As I neared the end of the book, I felt sadness to say good-bye to John, this pastor, husband, father, friend, son and grandson—gentleman. He has taught me many lessons and some came in the closing pages.

“If you want to inform yourselves as to the nature of hell, don’t hold your hand in a candle flame, just ponder the meanest, most desolate place in your soul.”

“Let’s just be honest with each other for five minutes.”

“But dishonesty is dishonesty, a humiliating thing to be caught at.”

“And what purpose is a prophet except to find meaning in trouble?"

“There are a thousand thousand reasons to live this life, every one of them sufficient.”

I loved the redemption of the hand on the boy’s brow, the honesty of imperfect relationships and broken lives lived with hope and yearned for with love. I find myself grieving for a son who will have to get to know his father through his father’s writings, and thankful that his father wrote so honestly, so well, turning phrases into word pictures to introduce his son to himself, to his family history, to the mysteries of faith and to God.

This is our last week to post our thoughts about Gilead. How would you sum up the impact of this book on you? What lessons do you take away from a life so honestly written about? Thanks for reading with me. Thanks for posting. I have enjoyed your companionship while reading this very special book.

[Editor's note: I had the privilege of meeting with Linda, in person, at the WOTH Furlough Retreat four days ago. What a heart she has for you all! We set the date for the next Book Club to start on August 16 with the book, As We Forgive. (See sidebar.)]

Monday, July 5, 2010

Gilead: Week 5 - Pages 141-190

Doctrine and theology take center stage in this longer section, but the real content is relationships—the difficult ones that make us less than we want to be. Those messy relationships are the ones where we respond with less love, forgiveness, grace, mercy and graciousness then we expect. Sometimes, when I’ve been in those awkward places, the walls of my heart have gone up without a conscious thought on my part, and hardness and coldness have crept in where hurt and disappointment were still setting the mood.
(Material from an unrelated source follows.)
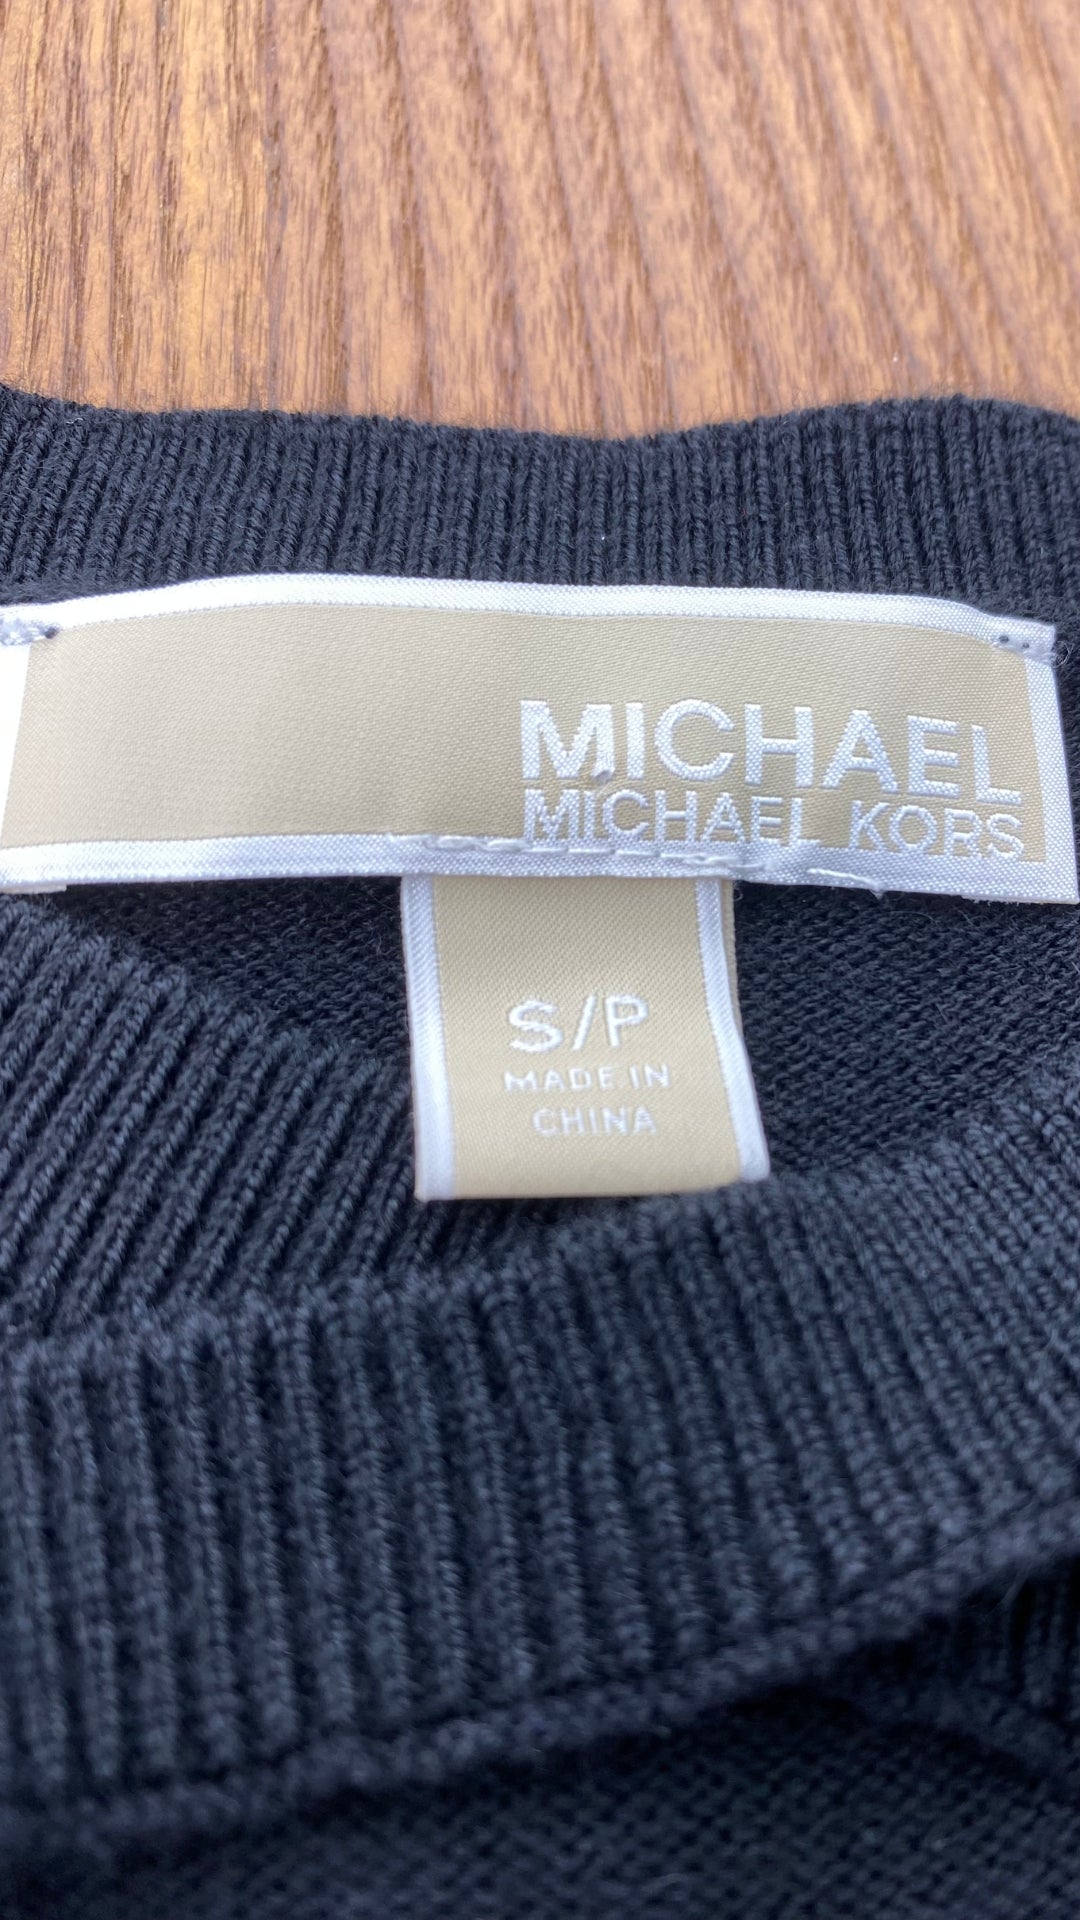 Chandail noir en tricot à encolure à ouvertures majestueuses Michael Kors, taille small. Vue de l'étiquette de marque et taille.

In this section, we learn why John doesn’t like Jack and why he struggles to forgive him—to trust him. Page 164: “Or say at least that harm to me was probably never a primary object in any of the things he got up to. That one man should lose his child and the next man should just squander his fatherhood as if it were nothing—well, that does not mean the second man has transgressed against the first. I don’t forgive him. I wouldn’t know where to begin.” Now we know why the relationship isn’t working—and we can see the depth of the pain goes incredibly deep. Recognizing his heart’s turmoil, John says without much hope (on page 179), “I do hope to die with a quiet heart. I know that may not be realistic.”

Relationships gone awry do not lend us peace. Our hearts mourn, wrestle, relive, and seek solutions for the differences, the difficulties, the problems our broken relationships present. Like John, we may wrestle and even believe the worst (bottom of page 188). When John wrestles, he finds that what he assumed to be true wasn’t—and he is glad he faced his wretchedness and found that his conclusions weren’t based on reality. “Because now I realize it isn’t true. And that is a great relief to me.”

Have you ever wrestled with ugliness and found buried treasure—truth that surprised you?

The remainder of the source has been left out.